So, tell me about you. And thus began a very long conversation. Have you ever asked someone that? I mean asked them and really meant to be asking the question bcz you really wanted to know — and not for information’s sake but for love – that’s all, just for love. Well, that’s how my conversation with my cousin began.
Just for love, that’s all. I loathe actions done for anything else. That’s been a character quality that has brought me both great peace and great anguish. Great peace bcz I’m a what-you-see-is-what-you-get person. Great anguish bcz what you see is not necessarily what you see — tell you why. When you see a seemingly confident person, chances are very good that what you see is not what’s really going on. O, you may see happy – but happy is learned, happy is a decision… you may see confidence – you may think you see a self assured person, but underneath is a very un-self-assured person. That’s not to say that seemingly self-assured person is not confident in what they are saying – but that the person is very confident in what they’re saying but not confident being the person saying it. So, that’s me. Glad by choice – and not necessarily confident, but confident in what I’m saying – confident bcz God is and has been faithful and I trust in Him.
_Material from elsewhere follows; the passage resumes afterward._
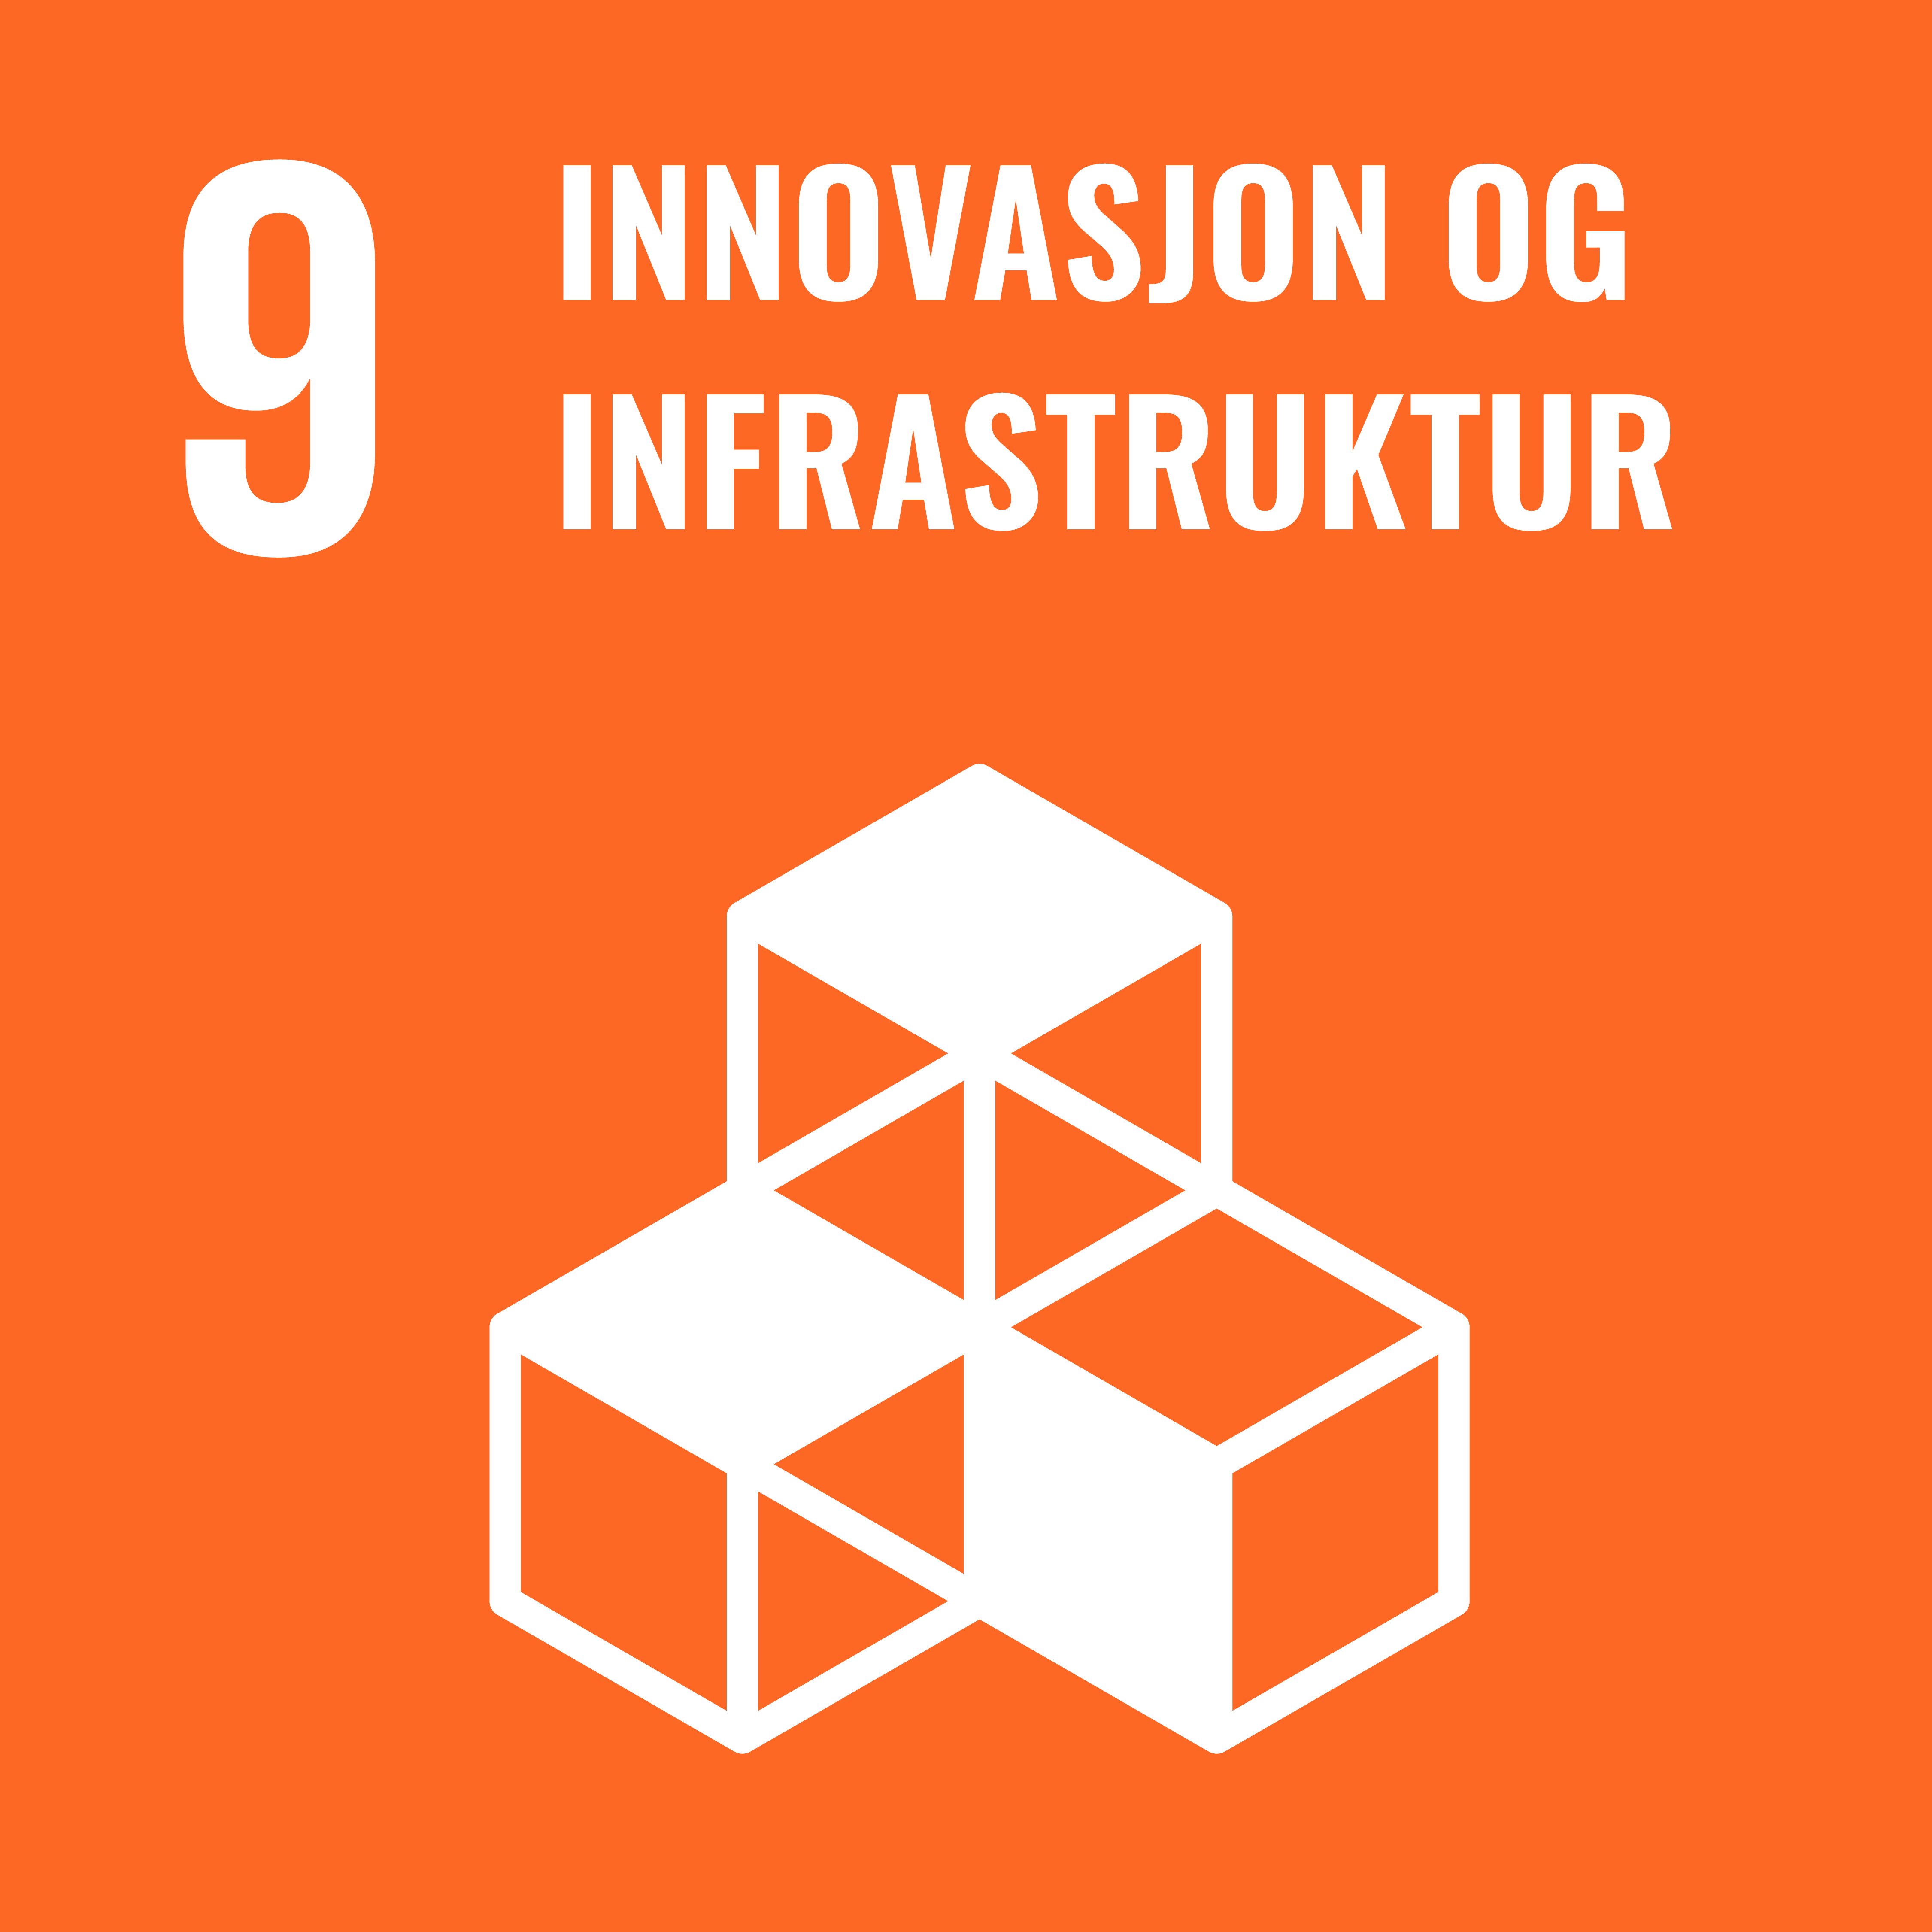 FNs bærekraftmål nummer 9 Innovasjon og infrastruktur. Lenke til bærekraftsmål 9.

I guess it’s why I lean so heavily on the “we have this treasure in earthen vessels” verse and feel it so strongly. It’s another reason why I tell you that line from time to time: I have no mouth and yet I must scream (good line, probably not a good book). And… that is why two words are so totally profound to me. Those two words are: But God.
My cousin and I share life changing events that occurred at the same time nearly 40 years ago. Neither of us – probably not fully even to this day – realized how life altering those events would be. I don’t think any of us — at the time — grasp the significance of what will later become defining moments of our lives. It was the great collision of my life — which I believe God allowed for my good and His glory. It was an intersection of my life and my cousin’s life. And we talked at length about it the other night… and I cried for hours following that conversation.
In that month of August there were two deaths – the death for my cousin was the horrific suicide death of his father. It was a very sad time – crazy emotional. The other death? For me – was the death of innocence as I was molested by the man my mother was married to at the time and. is. not. now. Death that occurs in sexual abuse is like a shooting at point-blank range – only you never see the weapon, the wound, the trail of blood, there is no coroner summoned… and no funeral. It’s just a quiet death. On the outside. But I didn’t know at the time that my uncle’s death was not the only death that happened that month. The reality of the second death that month would be drawn out for three years and then — years later — would be recognized for what it really was. That collision in the intersection was life changing for me.
There were a lot of people in that intersection that month — it’s taken me years to look at that mental photograph and see all the faces – and longer for me to see the lives behind the faces and what that collision meant. To us all. And problem with blogging is – for people like me – that there’s so much to say and it’s been important for me to say it all — but I have to continually gauge the appropriateness of the telling — that’s what’s more important. All along, this blog’s been a tool to help people see they’re not alone – it’s a place I share what God’s done with what the enemy intended evil and a place for other women to see there is freedom at the foot of the Cross.
The longer I live, the more I see that people like me have this huge need to know and be known – it’s but a part of that refusal to keep dark secrets hidden. And there’s a –huge– difference between discreetly honouring confidences and hiding dark secrets, lies and indiscretions.
Dear Pamela,
Thank you for sharing…I am so very sorry that you had to go through this horrible experience. As someone who also went through this at the hands of my mother’s father…I can only say the grace of God and a wonderfully loving husband was a healing factor. May the Lord bless you and keep you.